WHAT TO DO:
The lines from the start of the data through the line containing "Antique Old Ancient" are to be reproduced exactly, both ends included.

PROVIDED DATA:
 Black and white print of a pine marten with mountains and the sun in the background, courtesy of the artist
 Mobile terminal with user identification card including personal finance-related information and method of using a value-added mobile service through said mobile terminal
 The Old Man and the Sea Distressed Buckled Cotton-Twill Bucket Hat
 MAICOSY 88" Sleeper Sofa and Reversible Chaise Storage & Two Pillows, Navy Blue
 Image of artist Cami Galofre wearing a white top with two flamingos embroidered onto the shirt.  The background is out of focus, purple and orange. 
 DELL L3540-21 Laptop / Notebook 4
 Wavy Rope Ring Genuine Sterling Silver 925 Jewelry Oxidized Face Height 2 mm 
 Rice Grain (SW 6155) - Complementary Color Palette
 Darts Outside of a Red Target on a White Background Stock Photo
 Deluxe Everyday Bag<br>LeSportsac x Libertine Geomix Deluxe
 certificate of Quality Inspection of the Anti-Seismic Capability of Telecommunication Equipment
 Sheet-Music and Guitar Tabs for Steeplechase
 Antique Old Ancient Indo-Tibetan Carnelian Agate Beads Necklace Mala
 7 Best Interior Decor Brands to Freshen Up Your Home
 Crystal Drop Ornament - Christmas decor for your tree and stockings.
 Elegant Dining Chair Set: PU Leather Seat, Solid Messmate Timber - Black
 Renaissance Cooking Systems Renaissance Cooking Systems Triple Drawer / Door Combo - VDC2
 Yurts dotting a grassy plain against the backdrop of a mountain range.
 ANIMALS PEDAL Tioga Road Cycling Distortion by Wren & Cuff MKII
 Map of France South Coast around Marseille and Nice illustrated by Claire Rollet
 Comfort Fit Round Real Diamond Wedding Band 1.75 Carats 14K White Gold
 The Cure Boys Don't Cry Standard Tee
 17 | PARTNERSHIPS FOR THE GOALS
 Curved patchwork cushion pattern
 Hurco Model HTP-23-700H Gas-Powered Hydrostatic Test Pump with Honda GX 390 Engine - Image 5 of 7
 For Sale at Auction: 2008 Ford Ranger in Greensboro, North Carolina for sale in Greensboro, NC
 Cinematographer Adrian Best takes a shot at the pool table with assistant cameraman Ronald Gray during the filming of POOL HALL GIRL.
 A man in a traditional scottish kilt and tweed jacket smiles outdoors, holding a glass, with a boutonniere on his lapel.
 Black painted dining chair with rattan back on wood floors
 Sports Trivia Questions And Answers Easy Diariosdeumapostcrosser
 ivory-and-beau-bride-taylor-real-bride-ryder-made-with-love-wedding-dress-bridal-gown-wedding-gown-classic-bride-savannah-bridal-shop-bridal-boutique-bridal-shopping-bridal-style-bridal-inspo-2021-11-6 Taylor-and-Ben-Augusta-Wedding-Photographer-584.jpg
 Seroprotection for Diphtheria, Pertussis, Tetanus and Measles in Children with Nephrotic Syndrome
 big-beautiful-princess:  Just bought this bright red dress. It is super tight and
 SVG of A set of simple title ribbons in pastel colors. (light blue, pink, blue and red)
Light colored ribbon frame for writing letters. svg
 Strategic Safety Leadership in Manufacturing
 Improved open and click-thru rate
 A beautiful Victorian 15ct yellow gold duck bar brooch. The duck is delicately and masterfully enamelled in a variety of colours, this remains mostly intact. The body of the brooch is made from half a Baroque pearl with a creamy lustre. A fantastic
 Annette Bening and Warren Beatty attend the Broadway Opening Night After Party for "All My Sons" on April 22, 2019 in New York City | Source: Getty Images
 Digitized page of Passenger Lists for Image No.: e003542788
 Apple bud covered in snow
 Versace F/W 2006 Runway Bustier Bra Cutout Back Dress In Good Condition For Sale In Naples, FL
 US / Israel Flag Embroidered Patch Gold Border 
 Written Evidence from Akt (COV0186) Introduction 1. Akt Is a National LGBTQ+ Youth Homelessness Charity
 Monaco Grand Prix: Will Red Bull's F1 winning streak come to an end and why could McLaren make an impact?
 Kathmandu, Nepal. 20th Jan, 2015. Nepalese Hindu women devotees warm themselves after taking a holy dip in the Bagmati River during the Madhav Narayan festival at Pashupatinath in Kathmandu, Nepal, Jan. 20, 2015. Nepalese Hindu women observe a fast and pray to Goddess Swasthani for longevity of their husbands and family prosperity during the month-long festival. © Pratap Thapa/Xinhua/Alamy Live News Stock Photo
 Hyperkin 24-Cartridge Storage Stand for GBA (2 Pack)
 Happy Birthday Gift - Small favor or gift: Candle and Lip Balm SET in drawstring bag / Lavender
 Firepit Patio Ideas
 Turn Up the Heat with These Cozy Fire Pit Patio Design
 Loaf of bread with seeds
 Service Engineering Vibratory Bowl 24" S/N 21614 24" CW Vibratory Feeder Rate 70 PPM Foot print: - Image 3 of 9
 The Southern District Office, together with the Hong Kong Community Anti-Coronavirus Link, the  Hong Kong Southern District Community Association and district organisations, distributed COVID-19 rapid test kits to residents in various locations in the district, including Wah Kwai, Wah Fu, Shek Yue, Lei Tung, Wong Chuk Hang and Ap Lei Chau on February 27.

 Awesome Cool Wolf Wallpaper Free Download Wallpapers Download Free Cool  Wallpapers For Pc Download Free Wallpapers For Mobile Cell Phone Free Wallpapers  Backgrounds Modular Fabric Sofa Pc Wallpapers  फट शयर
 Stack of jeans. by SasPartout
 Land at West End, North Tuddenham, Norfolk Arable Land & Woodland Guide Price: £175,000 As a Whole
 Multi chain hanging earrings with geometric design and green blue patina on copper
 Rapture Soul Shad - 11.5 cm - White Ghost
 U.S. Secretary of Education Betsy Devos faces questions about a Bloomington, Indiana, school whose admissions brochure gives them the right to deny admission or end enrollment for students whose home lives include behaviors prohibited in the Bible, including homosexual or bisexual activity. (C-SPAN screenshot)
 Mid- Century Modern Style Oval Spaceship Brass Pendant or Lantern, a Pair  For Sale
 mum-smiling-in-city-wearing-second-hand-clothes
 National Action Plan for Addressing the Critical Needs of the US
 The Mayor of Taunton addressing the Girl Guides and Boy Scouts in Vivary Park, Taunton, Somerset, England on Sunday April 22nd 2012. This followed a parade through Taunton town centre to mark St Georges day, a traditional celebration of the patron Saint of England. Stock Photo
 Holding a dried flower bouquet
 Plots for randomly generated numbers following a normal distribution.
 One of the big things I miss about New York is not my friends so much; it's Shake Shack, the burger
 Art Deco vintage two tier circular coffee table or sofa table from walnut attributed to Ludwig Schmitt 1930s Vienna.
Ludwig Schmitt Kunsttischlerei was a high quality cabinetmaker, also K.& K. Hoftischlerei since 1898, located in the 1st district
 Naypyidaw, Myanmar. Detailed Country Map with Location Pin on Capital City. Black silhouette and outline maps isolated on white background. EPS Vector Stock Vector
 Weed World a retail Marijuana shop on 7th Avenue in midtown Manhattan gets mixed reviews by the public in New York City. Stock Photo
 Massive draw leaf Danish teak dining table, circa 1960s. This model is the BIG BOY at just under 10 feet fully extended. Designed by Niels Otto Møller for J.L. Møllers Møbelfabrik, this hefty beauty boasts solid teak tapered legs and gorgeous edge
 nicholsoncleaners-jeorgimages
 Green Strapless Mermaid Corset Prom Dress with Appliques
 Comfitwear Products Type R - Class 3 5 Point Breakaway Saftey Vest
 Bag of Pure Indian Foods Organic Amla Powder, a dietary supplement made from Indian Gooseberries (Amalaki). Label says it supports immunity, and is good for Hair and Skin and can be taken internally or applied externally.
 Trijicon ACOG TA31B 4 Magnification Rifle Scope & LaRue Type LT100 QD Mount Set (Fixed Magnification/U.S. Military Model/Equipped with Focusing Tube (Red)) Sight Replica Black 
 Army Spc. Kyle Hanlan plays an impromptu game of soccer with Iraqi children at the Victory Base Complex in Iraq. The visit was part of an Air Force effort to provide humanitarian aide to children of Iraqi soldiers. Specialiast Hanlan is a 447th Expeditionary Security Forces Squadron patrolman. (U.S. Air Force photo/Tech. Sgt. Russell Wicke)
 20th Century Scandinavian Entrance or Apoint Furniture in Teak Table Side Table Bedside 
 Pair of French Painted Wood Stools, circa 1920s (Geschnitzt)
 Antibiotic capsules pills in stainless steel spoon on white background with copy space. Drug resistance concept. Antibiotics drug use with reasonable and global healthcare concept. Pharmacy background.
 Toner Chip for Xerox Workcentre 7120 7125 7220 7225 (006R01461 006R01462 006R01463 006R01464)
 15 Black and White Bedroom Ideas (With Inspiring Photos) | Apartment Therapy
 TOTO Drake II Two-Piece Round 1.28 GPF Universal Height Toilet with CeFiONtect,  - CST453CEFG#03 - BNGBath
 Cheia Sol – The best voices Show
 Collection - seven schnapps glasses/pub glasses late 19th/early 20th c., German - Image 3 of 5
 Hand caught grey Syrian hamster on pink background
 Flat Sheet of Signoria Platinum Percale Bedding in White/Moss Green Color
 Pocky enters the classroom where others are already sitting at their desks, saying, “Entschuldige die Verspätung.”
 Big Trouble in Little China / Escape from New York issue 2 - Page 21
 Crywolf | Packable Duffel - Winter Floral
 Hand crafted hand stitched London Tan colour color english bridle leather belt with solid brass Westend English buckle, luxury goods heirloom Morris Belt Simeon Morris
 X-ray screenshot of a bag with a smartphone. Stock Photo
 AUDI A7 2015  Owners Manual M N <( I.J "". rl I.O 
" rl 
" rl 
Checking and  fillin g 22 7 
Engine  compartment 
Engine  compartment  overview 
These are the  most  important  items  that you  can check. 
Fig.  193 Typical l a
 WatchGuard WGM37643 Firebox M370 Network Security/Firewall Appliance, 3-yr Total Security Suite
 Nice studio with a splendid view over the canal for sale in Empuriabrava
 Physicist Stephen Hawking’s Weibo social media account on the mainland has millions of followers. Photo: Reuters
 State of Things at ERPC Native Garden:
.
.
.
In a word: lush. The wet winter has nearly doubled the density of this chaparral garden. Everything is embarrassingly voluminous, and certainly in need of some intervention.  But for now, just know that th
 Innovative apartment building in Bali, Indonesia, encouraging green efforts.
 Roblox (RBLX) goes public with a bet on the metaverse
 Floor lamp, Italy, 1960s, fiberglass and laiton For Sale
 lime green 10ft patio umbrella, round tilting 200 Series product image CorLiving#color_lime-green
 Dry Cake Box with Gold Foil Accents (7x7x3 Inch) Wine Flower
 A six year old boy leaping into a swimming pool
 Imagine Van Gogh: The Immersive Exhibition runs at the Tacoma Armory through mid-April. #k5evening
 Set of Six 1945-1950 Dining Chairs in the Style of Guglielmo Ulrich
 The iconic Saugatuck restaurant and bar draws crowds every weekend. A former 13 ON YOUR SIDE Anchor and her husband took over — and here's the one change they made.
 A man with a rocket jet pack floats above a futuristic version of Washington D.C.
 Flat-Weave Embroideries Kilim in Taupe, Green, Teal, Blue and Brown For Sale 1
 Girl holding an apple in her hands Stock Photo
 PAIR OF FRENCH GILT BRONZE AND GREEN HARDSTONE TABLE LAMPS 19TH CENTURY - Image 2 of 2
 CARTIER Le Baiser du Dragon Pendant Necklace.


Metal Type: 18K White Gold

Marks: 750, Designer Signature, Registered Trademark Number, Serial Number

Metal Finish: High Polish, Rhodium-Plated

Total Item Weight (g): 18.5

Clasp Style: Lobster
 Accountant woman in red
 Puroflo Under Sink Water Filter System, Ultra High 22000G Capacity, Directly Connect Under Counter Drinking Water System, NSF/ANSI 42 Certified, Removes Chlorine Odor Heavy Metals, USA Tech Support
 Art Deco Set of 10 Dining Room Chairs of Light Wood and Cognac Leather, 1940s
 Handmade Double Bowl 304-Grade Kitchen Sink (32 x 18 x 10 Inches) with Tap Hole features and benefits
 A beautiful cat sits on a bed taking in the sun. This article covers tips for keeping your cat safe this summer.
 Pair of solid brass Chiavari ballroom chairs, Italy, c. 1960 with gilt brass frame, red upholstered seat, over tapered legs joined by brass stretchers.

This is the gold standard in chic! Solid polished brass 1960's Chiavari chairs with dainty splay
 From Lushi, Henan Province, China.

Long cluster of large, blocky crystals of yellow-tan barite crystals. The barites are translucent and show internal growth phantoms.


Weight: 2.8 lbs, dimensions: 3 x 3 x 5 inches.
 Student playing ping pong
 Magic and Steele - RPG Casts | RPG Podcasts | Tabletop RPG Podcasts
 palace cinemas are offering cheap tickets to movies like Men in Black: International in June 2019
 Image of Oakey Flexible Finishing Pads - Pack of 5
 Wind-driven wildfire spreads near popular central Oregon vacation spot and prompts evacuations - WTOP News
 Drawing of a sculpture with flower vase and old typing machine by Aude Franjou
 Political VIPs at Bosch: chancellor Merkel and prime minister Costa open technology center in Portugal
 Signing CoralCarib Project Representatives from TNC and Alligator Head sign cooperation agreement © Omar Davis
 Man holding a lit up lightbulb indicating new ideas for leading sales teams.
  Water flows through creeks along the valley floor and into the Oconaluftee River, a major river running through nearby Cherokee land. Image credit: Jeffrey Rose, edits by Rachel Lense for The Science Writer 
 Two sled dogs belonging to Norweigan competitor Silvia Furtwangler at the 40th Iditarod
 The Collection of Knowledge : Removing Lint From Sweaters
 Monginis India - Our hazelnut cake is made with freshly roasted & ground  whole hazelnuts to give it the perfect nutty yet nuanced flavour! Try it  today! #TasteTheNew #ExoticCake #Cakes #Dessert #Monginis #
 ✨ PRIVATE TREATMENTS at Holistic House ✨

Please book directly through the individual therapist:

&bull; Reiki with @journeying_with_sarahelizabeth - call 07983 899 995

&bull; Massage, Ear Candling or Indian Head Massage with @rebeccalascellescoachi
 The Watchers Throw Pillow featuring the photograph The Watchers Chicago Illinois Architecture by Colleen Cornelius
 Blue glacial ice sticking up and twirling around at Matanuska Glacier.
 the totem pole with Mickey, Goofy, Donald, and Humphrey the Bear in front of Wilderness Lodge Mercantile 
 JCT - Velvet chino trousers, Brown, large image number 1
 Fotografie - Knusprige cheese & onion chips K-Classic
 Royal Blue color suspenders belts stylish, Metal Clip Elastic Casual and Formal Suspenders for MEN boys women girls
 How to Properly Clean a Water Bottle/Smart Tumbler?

RESULT OF THE TASK:
 Black and white print of a pine marten with mountains and the sun in the background, courtesy of the artist
 Mobile terminal with user identification card including personal finance-related information and method of using a value-added mobile service through said mobile terminal
 The Old Man and the Sea Distressed Buckled Cotton-Twill Bucket Hat
 MAICOSY 88" Sleeper Sofa and Reversible Chaise Storage & Two Pillows, Navy Blue
 Image of artist Cami Galofre wearing a white top with two flamingos embroidered onto the shirt.  The background is out of focus, purple and orange. 
 DELL L3540-21 Laptop / Notebook 4
 Wavy Rope Ring Genuine Sterling Silver 925 Jewelry Oxidized Face Height 2 mm 
 Rice Grain (SW 6155) - Complementary Color Palette
 Darts Outside of a Red Target on a White Background Stock Photo
 Deluxe Everyday Bag<br>LeSportsac x Libertine Geomix Deluxe
 certificate of Quality Inspection of the Anti-Seismic Capability of Telecommunication Equipment
 Sheet-Music and Guitar Tabs for Steeplechase
 Antique Old Ancient Indo-Tibetan Carnelian Agate Beads Necklace Mala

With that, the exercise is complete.